文大統領は「(今が)朝鮮半島の非核化と平和構築に向けた全体過程で最も重大なヤマ場になる」とし、「6月末の板門店(パンムンジョム)会合以来、3回目の朝米首脳会談に向けた朝米間の実務交渉が模索されている。南北米ともに朝米実務交渉の早期開催に集中すべき時」だと述べた。北朝鮮の金正恩(キム・ジョンウン)国務委員長とドナルド・トランプ米大統領のハノイ会談後、止まったかのようだった朝米対話が、6月の両首脳の劇的な板門店会合で蘇った機会を逃してはならないと強調したのだ。
文大統領はさらに、「南北米はこれまで1年8カ月間にわたり対話局面を続けてきた。最近、数回にわたる北朝鮮の懸念すべき行動にもかかわらず、対話ムードに揺るぎがないことこそが、韓国政府が推進してきた朝鮮島平和プロセスの大きな成果だ」とし、「不満な点があっても、対話の枠組みを壊したり、壁を張ったりすることで対話を困難にするのは決して望ましくない」と述べた。また「不満があれば、それもまた対話の場で問題を提起し、議論していかなければならない」とし、北朝鮮に対し“挑発”ではなく、“対話”だけが解決策になり得ることを重ねて強調した。
朝鮮半島平和プロセスが南北経済の相互発展につながるという“バラ色の見通し”も示した。文大統領は「韓国と北朝鮮が力を合わせれば、それぞれの体制を維持しながらも、8千万の単一市場を作ることができる。朝鮮半島の統一まで実現すると、世界経済において第6位の規模になるものと予測している。2050年頃、国民所得7万~8万ドル時代が可能という国内外の研究結果も発表されている」と説明した。また「北朝鮮も経済建設総路線に国家政策を切り替え、市場経済の導入が行われている。北朝鮮を一方的に助けようというのではなく、互いの体制の安全を保証しながら南北相互間の利益になるようにしようというもので、ともに豊かに暮らそうということだ」と強調した。北朝鮮の相次ぐ挑発を口実に、南北軍事合意の破棄など強硬路線の転換を求める保守陣営に向け、北朝鮮に対する支援が“共同繁栄”のために不可決な措置であると説得したのだ。

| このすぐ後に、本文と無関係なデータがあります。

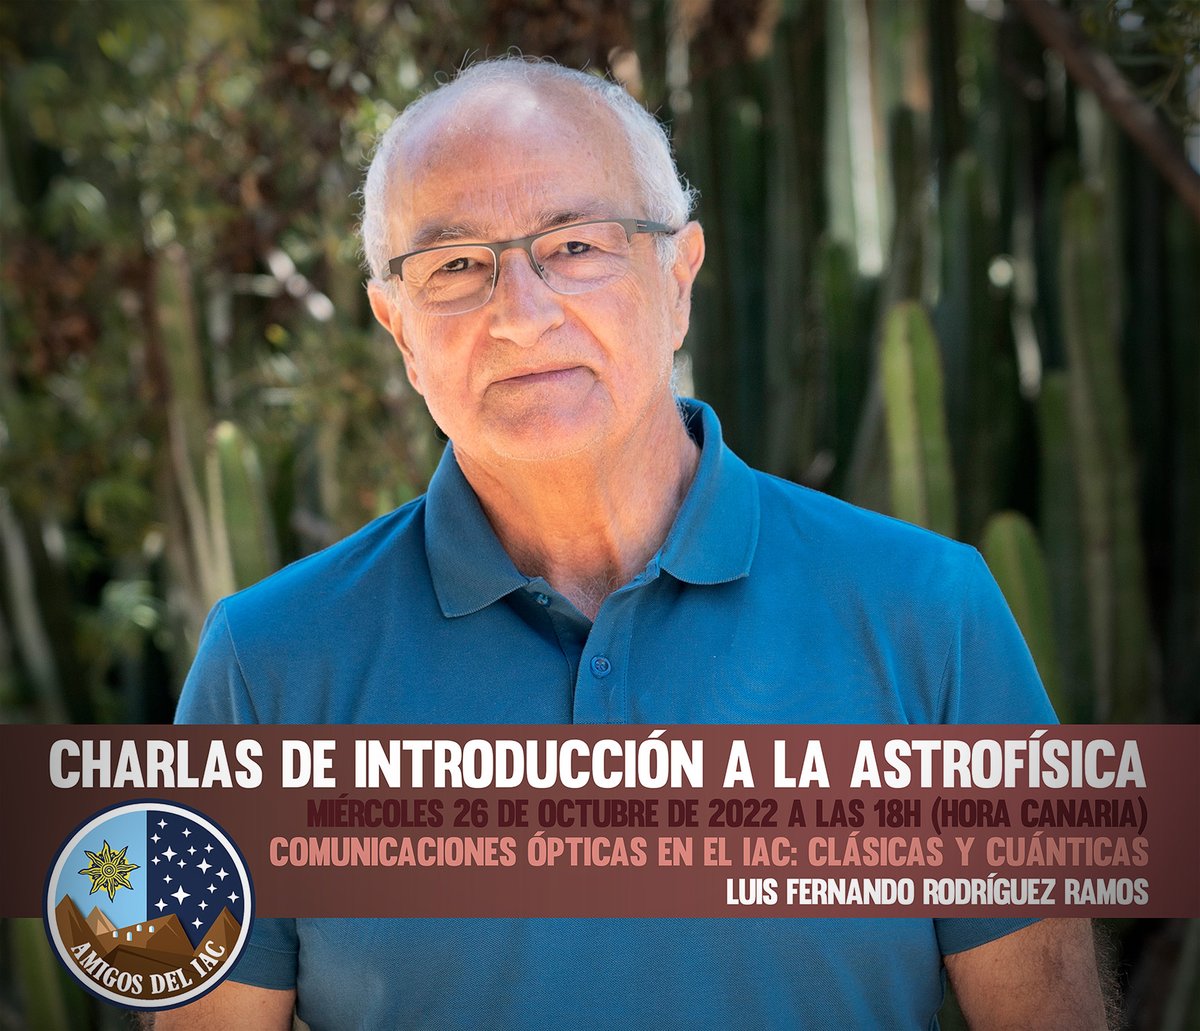 Mañana, a las 18:00h (hora local en Canarias), tendrá lugar la XII 'charla de Introducción a la Astrofísica”, que organiza el programa #AmigosdelIAC bajo el título “Comunicaciones ópticas en el IAC: Clásicas y cuánticas”, que impartirá el ingeniero del IAC Luis Fernando Rodríguez

文大統領は「『北朝鮮がミサイルを発射しているのに、平和経済とはとんでもない』という人もいる。しかし、私たちはより強力な防衛力を保有している」と強調した。また「米国が北朝鮮と動揺することなく対話を続け、日本も北朝鮮と対話を推進している現実を直視してほしい。理念にとらわれ、一人ぼっちにならないことを願う」と訴えた。安保不安を刺激し、北朝鮮との対決意識を助長する保守野党に向けたメッセージと言える。
米中間の葛藤が激化する東アジアの状況については、韓国独自の「はっきりとした目標」を持つことを求めた。文大統領は「韓国の地政学的位置を韓国の強みに変えなければならない。はっきりとした目標を持たなければならない」とし、「朝鮮半島の地や空、海に人と物流が行き交う血脈を繋ごう」と述べた。4大国に囲まれている半島国の悪条件を、「大陸と海洋を結ぶ橋梁国家」のビジョンで突破していこうという提案だ。
平和経済が完成される時期は、光復100周年になる2045年と想定した。自分の任期内に非核化と平和体制を確固たるものにするという抱負も示した。文大統領は「2032年のソウル・平壌の共同五輪を成功的に開催し、2045年の光復100周年までには平和と統一で一つになった国として世界に立てるよう、その基盤をしっかりと固めると約束する」と述べた。そして「私たちの力で分断を乗り越え、平和と統一へと進むことが、責任ある経済強国への近道」だと述べながらこぶしを握った。